Ci rifugiamo, dunque, nella zona espositiva dedicata ai conflitti moderni, che, dal mio punto di vista, si farebbe un gran bene a visitare, tanto per rammentare che guerra non fa nessuno grande.

Il fine cartografo che è in me (a dire il vero, prima l’ha notata Zzi, ma io subito dopo e senza aiuto) nota una lievissima imprecisione su una carta dell’URSS: Stalingrado (Volgograd) indicata al posto di Leningrado (San Pietroburgo).
Del resto, che differenza c’è? È pur sempre una città col nome di un dittatore, c’è solo uno scarto di quasi 1700 chilometri, ovvero un po’ più della distanza tra Vipiteno e Pachino, è quel genere di inezie che vediamo noi cagacazzi che ci battiamo per l’assenza dell’apostrofo tra “qual” ed “è”… seghe mentali da repressi, suppongo.Quando usciamo, mancano cinque minuti alla chiusura della visita alla vicina tomba di Napoleone, ma il ligio commesso non ci fa accedere.

Sai che c’è?
Tanto era un nanetto megalomane e non me frega un cazzo.

4 thoughts on “L’unica volta che vidi Parigi (5)

  1. Pillow

    non mi ha mai entusiasmato, la signora Parigi.
    forse per stizza con la razza francese, forse per l’odore di cipolla o quei soggetti in giro con il pane sotto l’ascella.
    forse perché non l’ho mai reputata divertente…
    insomma, di parigi ricordo bene solo le pasticcerie ed il Louvre.
    ah, e montmartre, dove credo di essere stata l’unica a rimediare (e foraggiare) una ritrattista londinese.
    e va be’…

  2. Larry Post author

    A chi lo dici!
    Non ci sono gatti, non c’è Malaussene e, soprattutto, non c’è Humphrey Bogart; il cibo è caro, la birra è proibitiva e un macaron costa UN EURO: pacco totale, insomma!

  3. Pillow

    we love Berlino!
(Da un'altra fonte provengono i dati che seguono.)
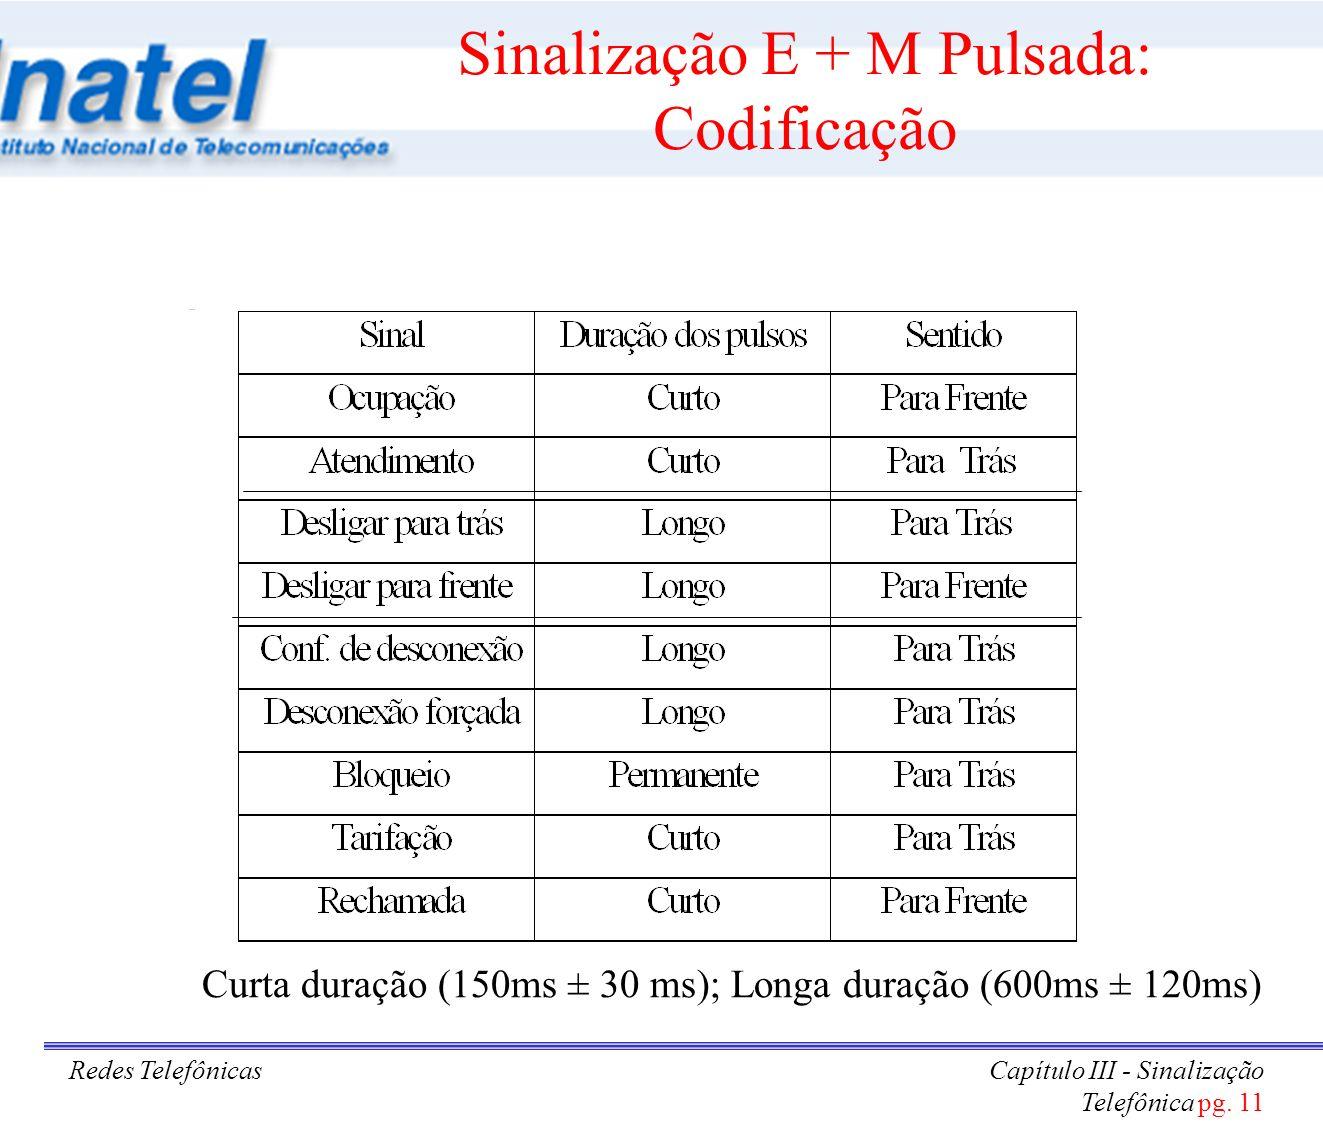 Sinalização E + M Pulsada: Codificação
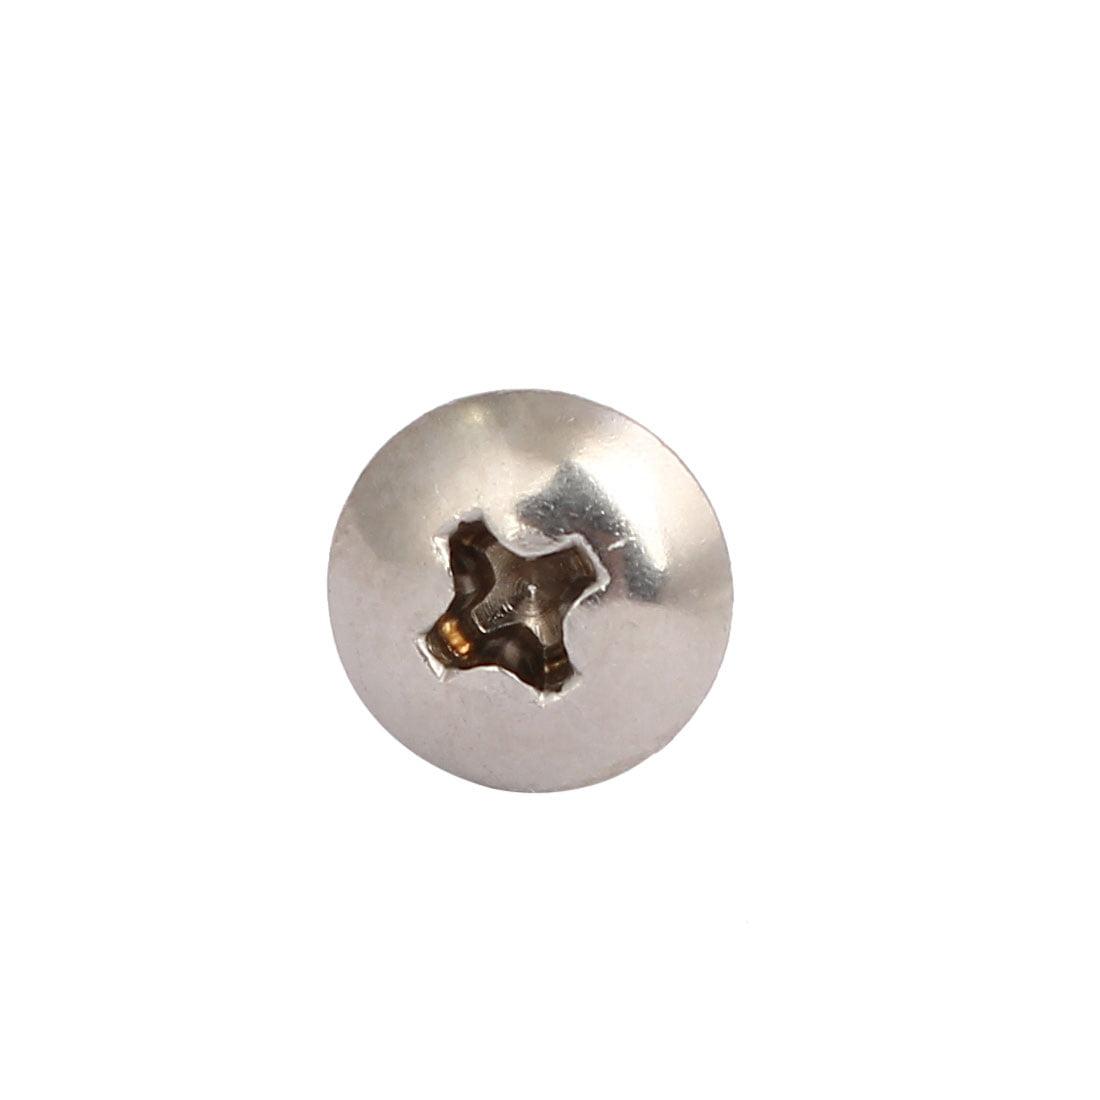 M4x25mm Vis à tête auto-taraudeuse drive cruciforme acier inox 316 10Pcs - image 1 de 3

Dove mangi pure bene e bevi alla stragrande.
    O Dublino. Idem come sopra, e chi dice il contrario è andato cercando gli spaghetti alla puttanesca a temple bar.
    Ma anche New York (non per mangiare, però).
    Insomma, Parigi cara: sei storica, elegante, maliconica, ricca, ma sei anche un po’ la simona ventura delle capitali europee: tronfia, saccente, kitsch.

  4. Larry Post author

    Berlino!
    Ammazza se è buono il cibo a Berlino, e per molti meno euro ti danno anche una tovaglietta su cui tenere posate e tovagliolo e una passata al tavolo con lo straccio.
    Senza contare che non c’è nessuno che ti si rivolge in francese, il che è certamente d’aiuto.